Mount Kimbie – ‘The Sunset Violent’

Mount Kimbie – ‘The Sunset Violent’

Album / Warp / 05.04.2024
Electronica

Marrez-vous, pouffez autant que vous voulez mais admettez-le : il fut un temps où l’on parlait sans sourciller de post-dubstep pour désigner ces groupes pré-Brexit qui élargissaient le spectre du genre en empruntant à l’IDM ou au trip-hop.
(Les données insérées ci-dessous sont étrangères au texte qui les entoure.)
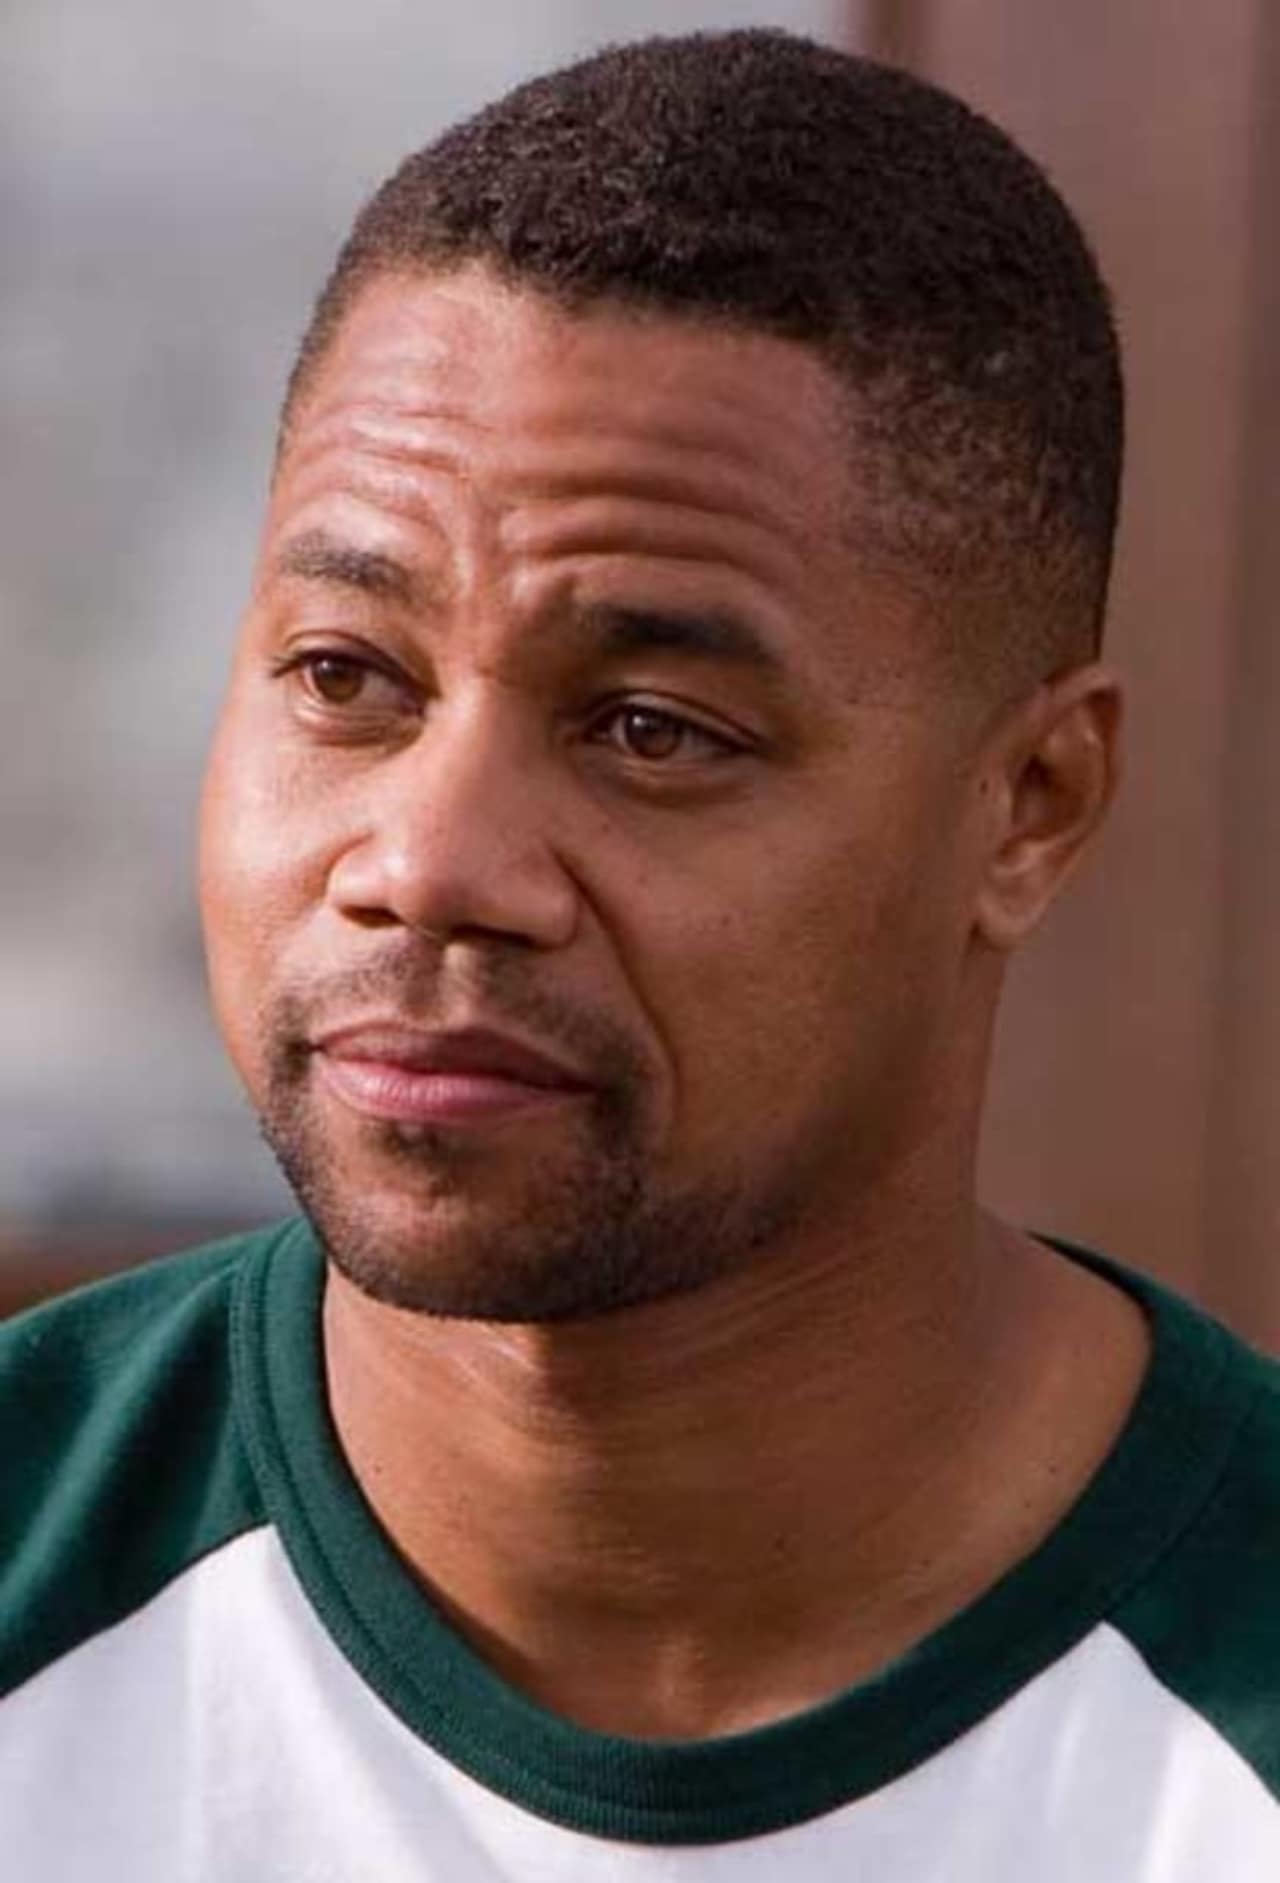 Cuba Gooding, Jr. will be featured on "Inside The Actors Studio," which films at Pace University's Manhattan Campus.

Mount Kimbie en était l’un des chefs de file, la faute à la sortie sur Hotflush – label phare de la scène dubstep londonienne – de ses premiers EPs Maybes et Sketch On Glass en 2009.

Quinze ans plus tard, le groupe emmené par Kai Campos et Dominic Maker, un pied à Londres, l’autre à Los Angeles, aura au moins réussi à s’extirper de cette étiquette has-been (ah, c’est has-been de dire has-been ?) tout en continuant sur sa lancée. Warp courtesy ; parlons maintenant d’electronica. Et justement, alors que la dernière livraison du groupe, MK 3.5: Die Cuts | City Planning, sortait des clous et faisait plutôt office de compilation réunissant sur chaque face les productions distanciées des deux compères, eux-mêmes distanciés de 9000 kilomètres, The Sunset Violent voit le retour d’une composition à quatre mains.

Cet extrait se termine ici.